The answer is the full listing below, copied exactly, with its pictures omitted.

*** Given data Section Begins ***

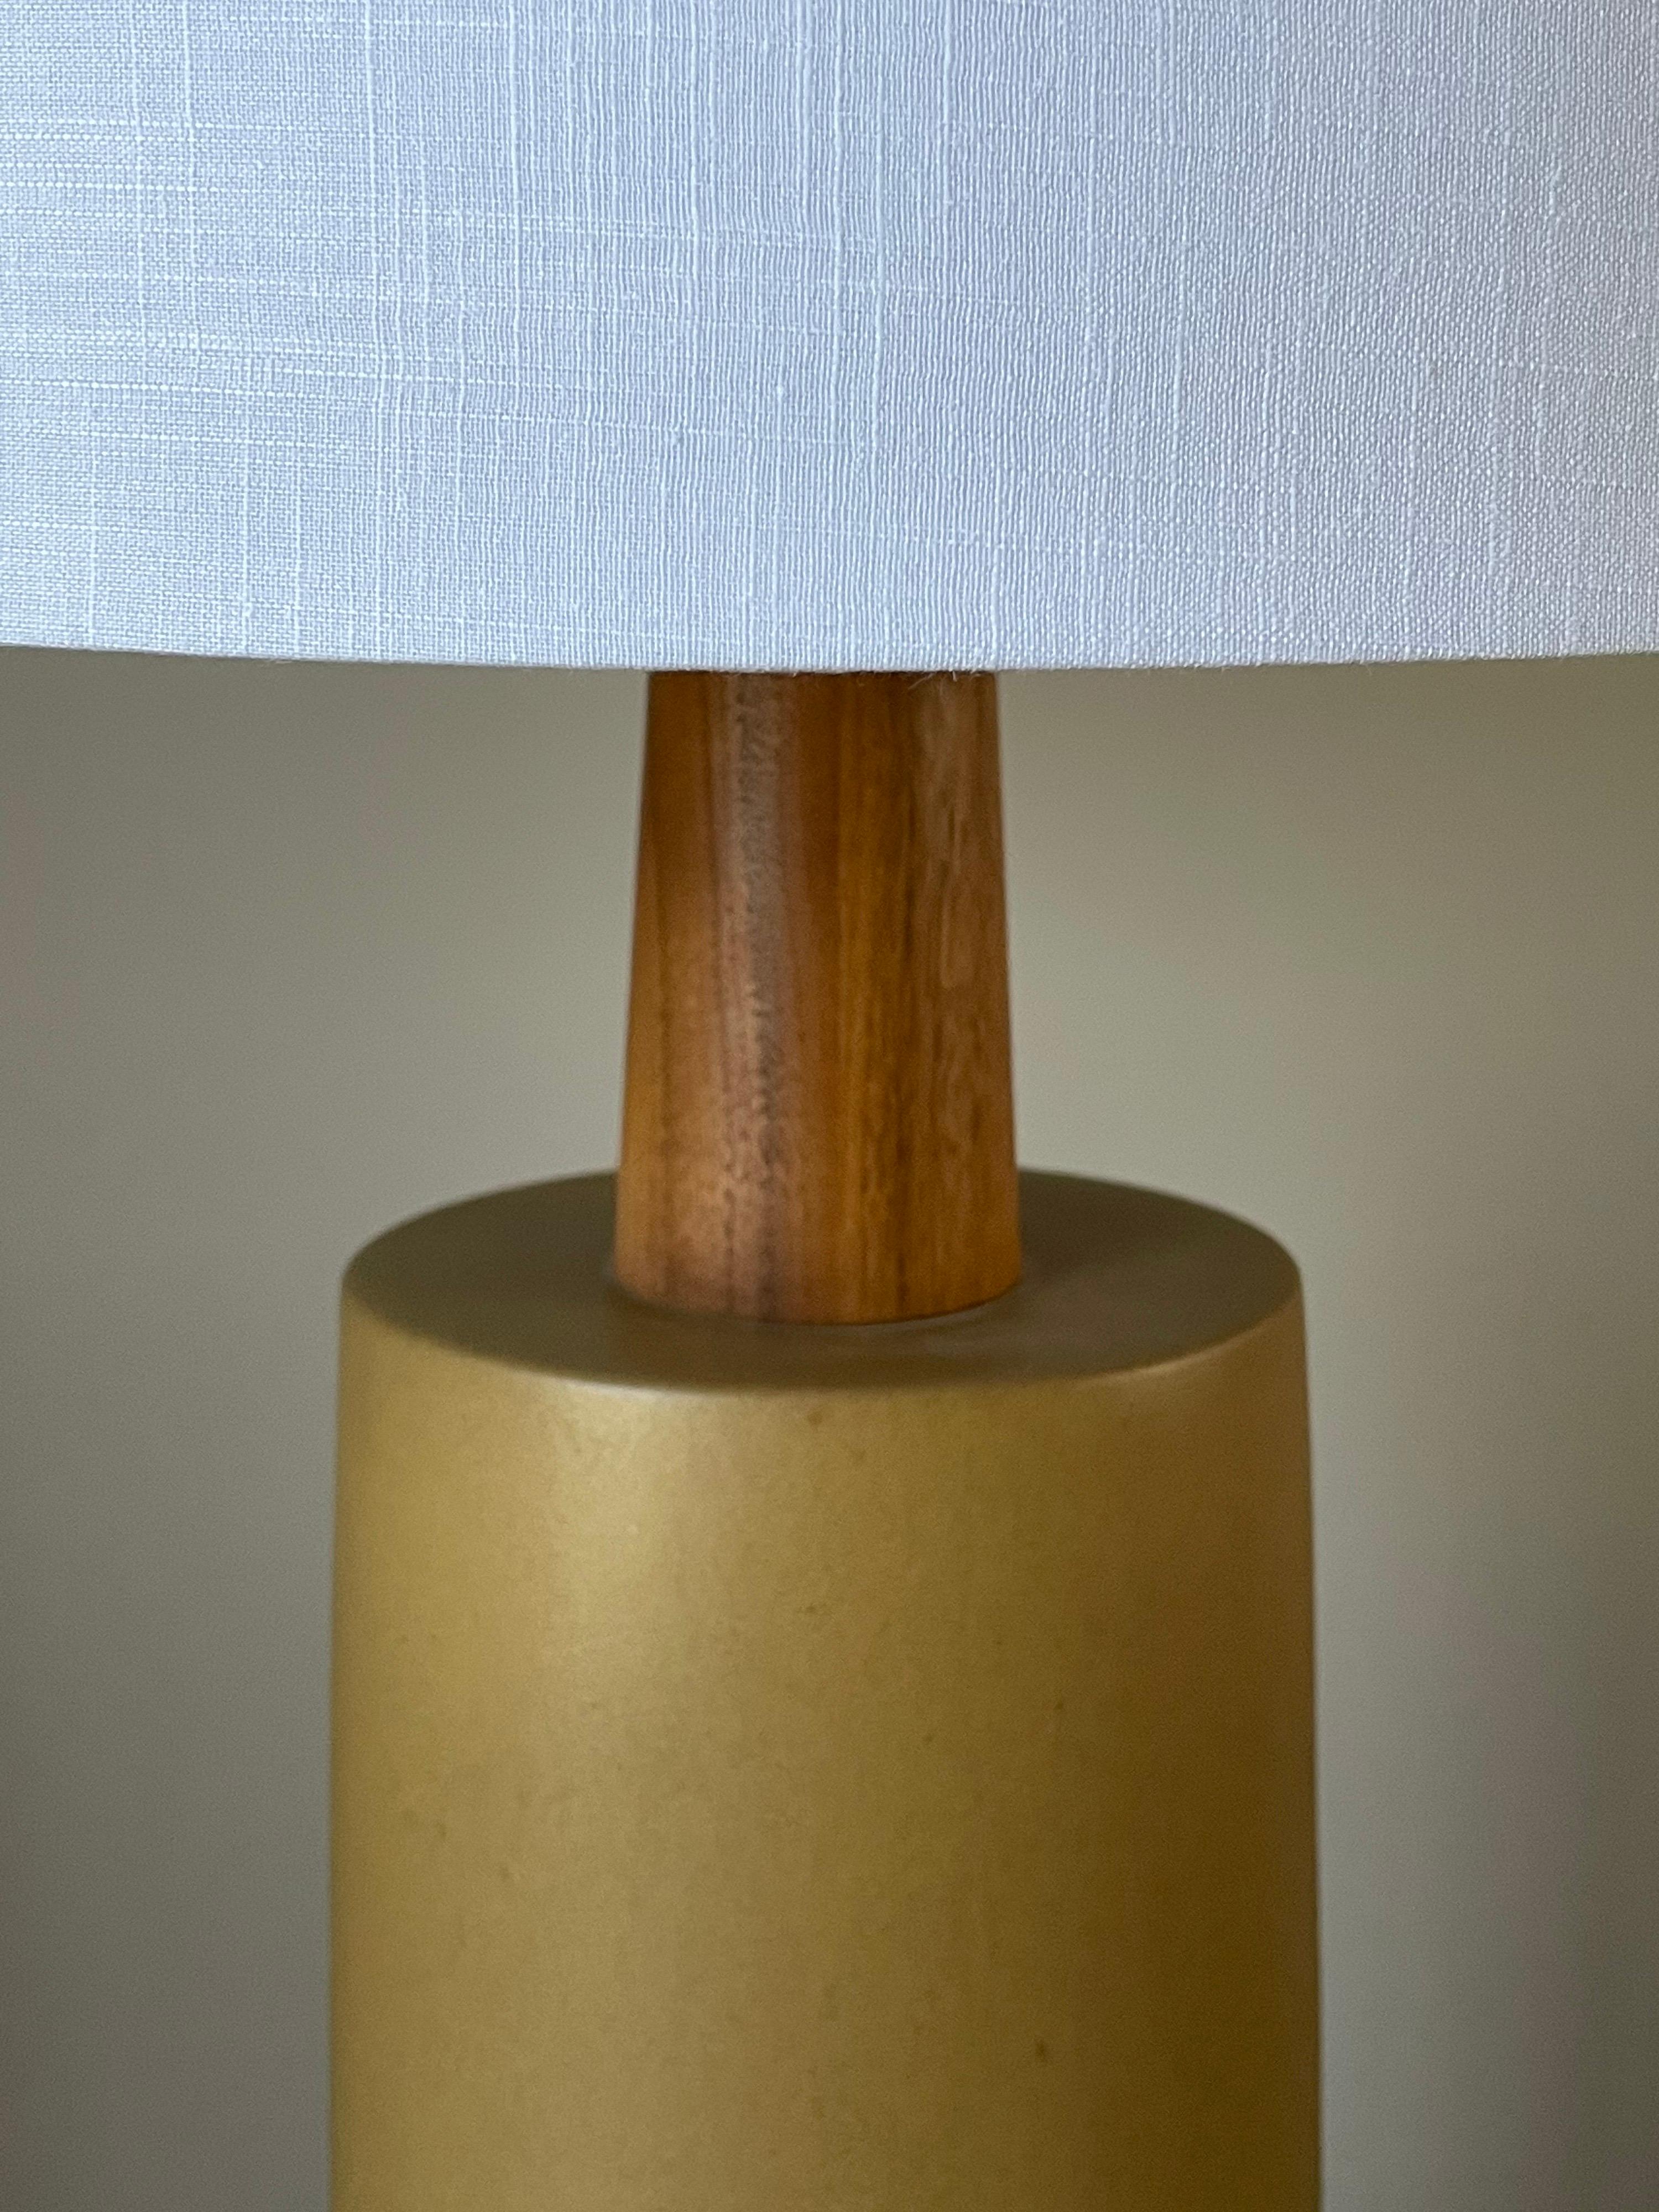 Very large Martz lamp by ceramicist duo Jane and Gordon Martz for Marshall Studios. Beautiful yellow/ ochre matte glaze.

Measures: Overall
34.5” tall
17” wide

Ceramic portion
19” tall
 7” wide.

*** Given data Section Ends ***

— Exercise result —
 Very large Martz lamp by ceramicist duo Jane and Gordon Martz for Marshall Studios. Beautiful yellow/ ochre matte glaze.

Measures: Overall
34.5” tall
17” wide

Ceramic portion
19” tall
 7” wide.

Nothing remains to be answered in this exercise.